While many, particularly dryland farmers, are hoping the rain comes soon to get those crops growing, it is still too early to tell whether or not the lack of rain is going to be problematic.
Alberta Environment’s water supply outlook for May indicated below average mountain runoff for Milk River/Eastern Crossing for March through September.
For the Oldman River basin, the report showed below average for Belly River, Waterton River, and Oldman River at Lethbridge for the same period.
As well, the mountain snowpack as of May 1 was recorded as being much below average for the Oldman River basin and below average for the Bow River basin.
The report also stated that the early melt is indicative of conditions similar to 2005 in southern Alberta.
John Pomeroy, who studies snowpack has said that “the one implication for the (early melt continuing) is that we don’t have a lot of water storage across Alberta. It could create some water storage problems.”
Water allocations for St. Mary’s River irrigators has been set at 16 inches for the 2015 season, just slightly below the average yearly allocation of 18 inches.
Terrence Lazarus, SMRID general manager said it is too early yet to use the ‘D-word’, as there may be a lot of precipitation on the way in the coming weeks.

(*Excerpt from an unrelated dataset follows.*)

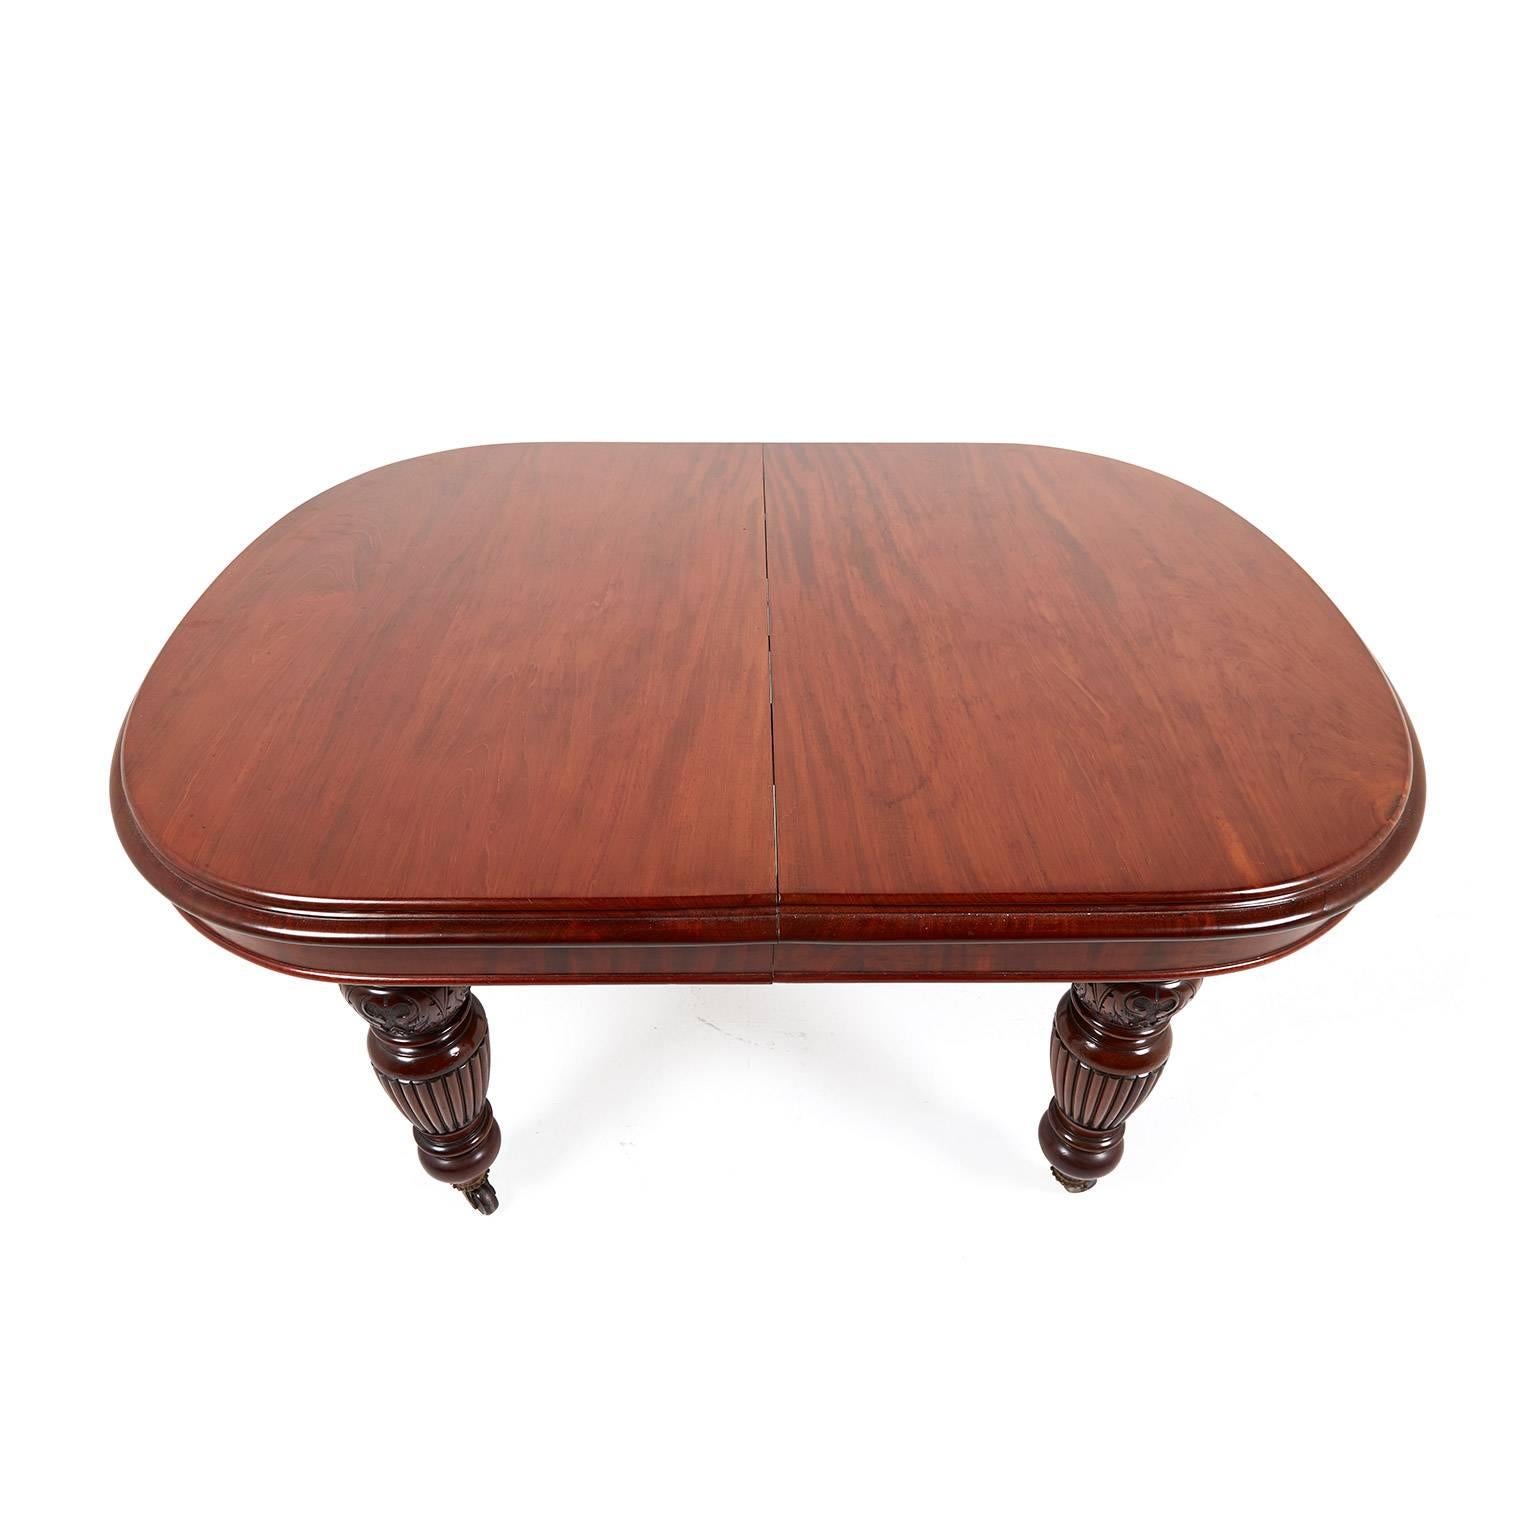 English mahogany Victorian dining table with two leaves, circa 1870. Hand-crank operation for inserting leaves. Really outstanding condition on this piece. With solid carved legs, this table is suitable for everyday use. Original casters. 

Each

“Yes, we are under weak El Nino conditions right now, but a lot could still happen and I wouldn’t use the drought word until the second week of June,” said Lazarus.

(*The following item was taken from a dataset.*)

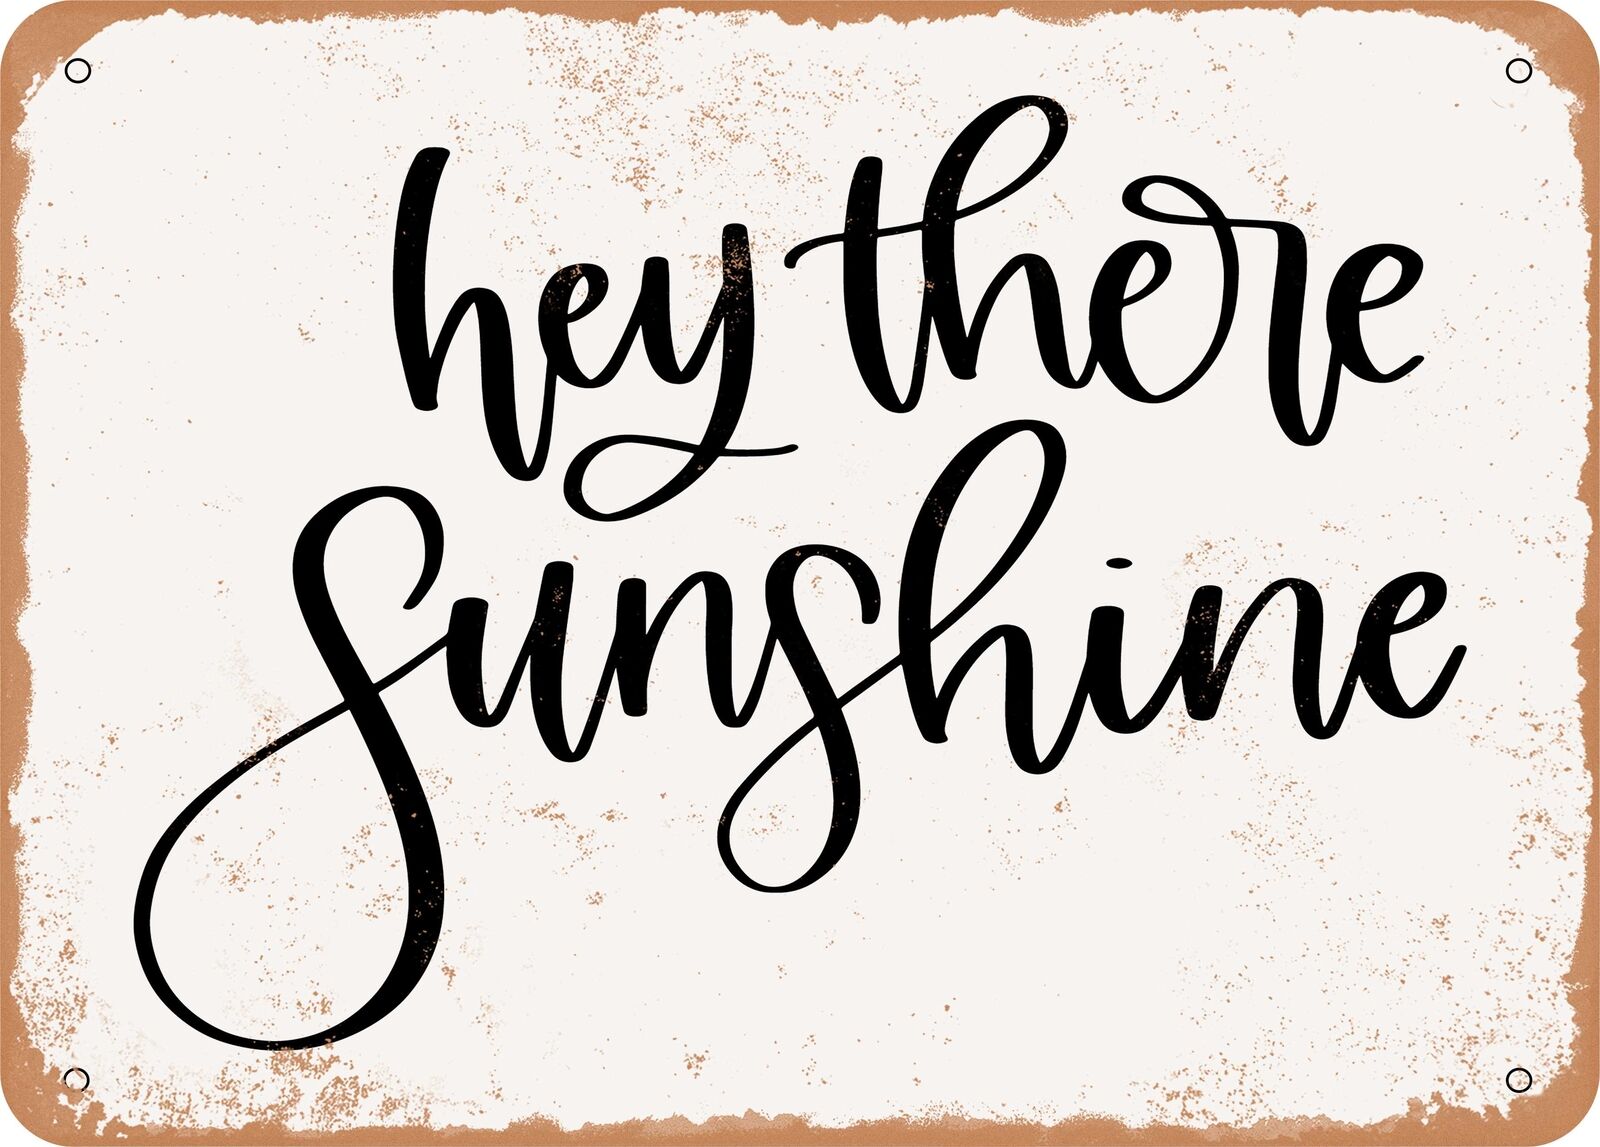 Metal Sign - Hey there Sunshine - Vintage Rusty Look Sign

Some forecasts expect El Nino to strengthen this fall and persist through next winter and spring.
Senior climatologist for Environment Canada, David Phillips said while there are no guarantees with their forecasts, he is confident that Alberta will experience a hot prairie summer.

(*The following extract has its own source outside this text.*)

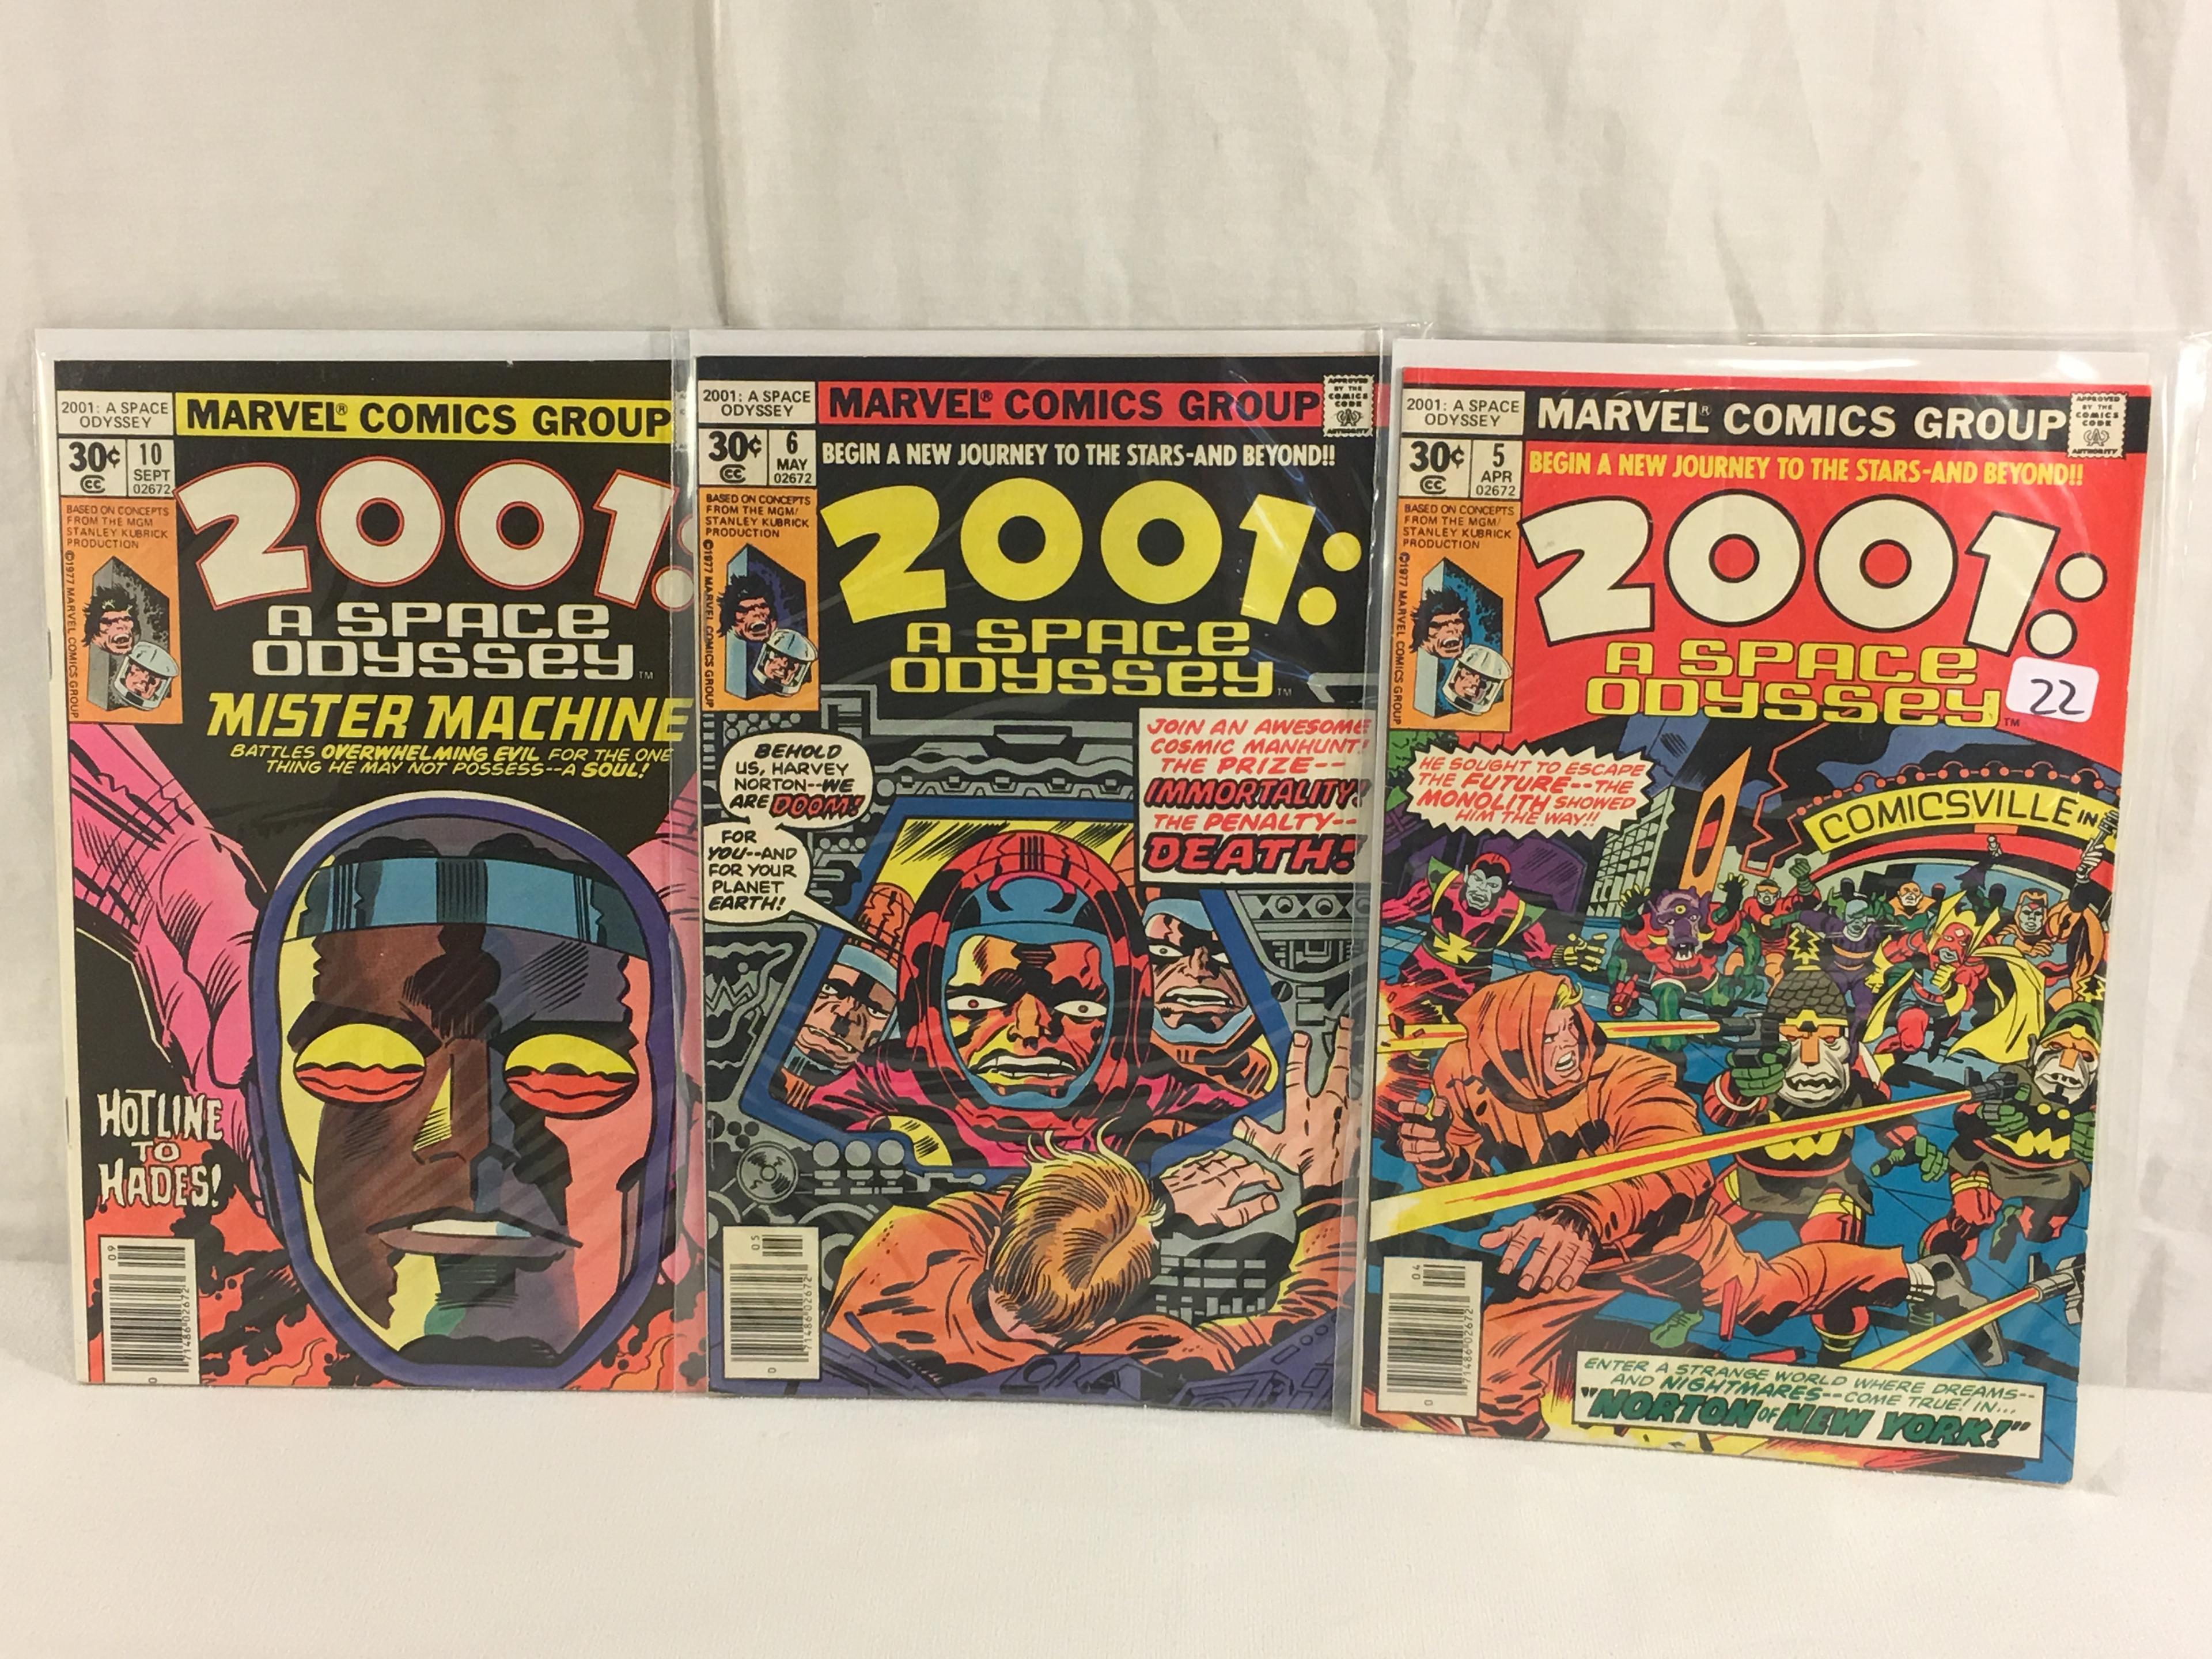 Lot of 3 Pcs Collector Vintage Marvel Comics 2001 A Space Odyssey Comic Books No.5.6.10.

What comes weather-wise from now until mid-June will be determining factors on whether or not to drop the D-word. No producer wants to see a drought, but most if not all prepare for it with their drought risk management plans; which include strategies that reduce the effects of drought.
One dry season is usually fairly easily managed, but should the drought last over two or more seasons, the low water supply not only includes those in the agriculture business, but also municipalities, recreational facilities, fisheries, and transportation; not to mention the individuals who would likely be placed on water restrictions.
It may be too early to know for certain what will transpire over the next few weeks and months, but many folks out there are already looking at water levels in local rivers and keeping an eye on the sky hoping the clouds will drop some moisture on their fields.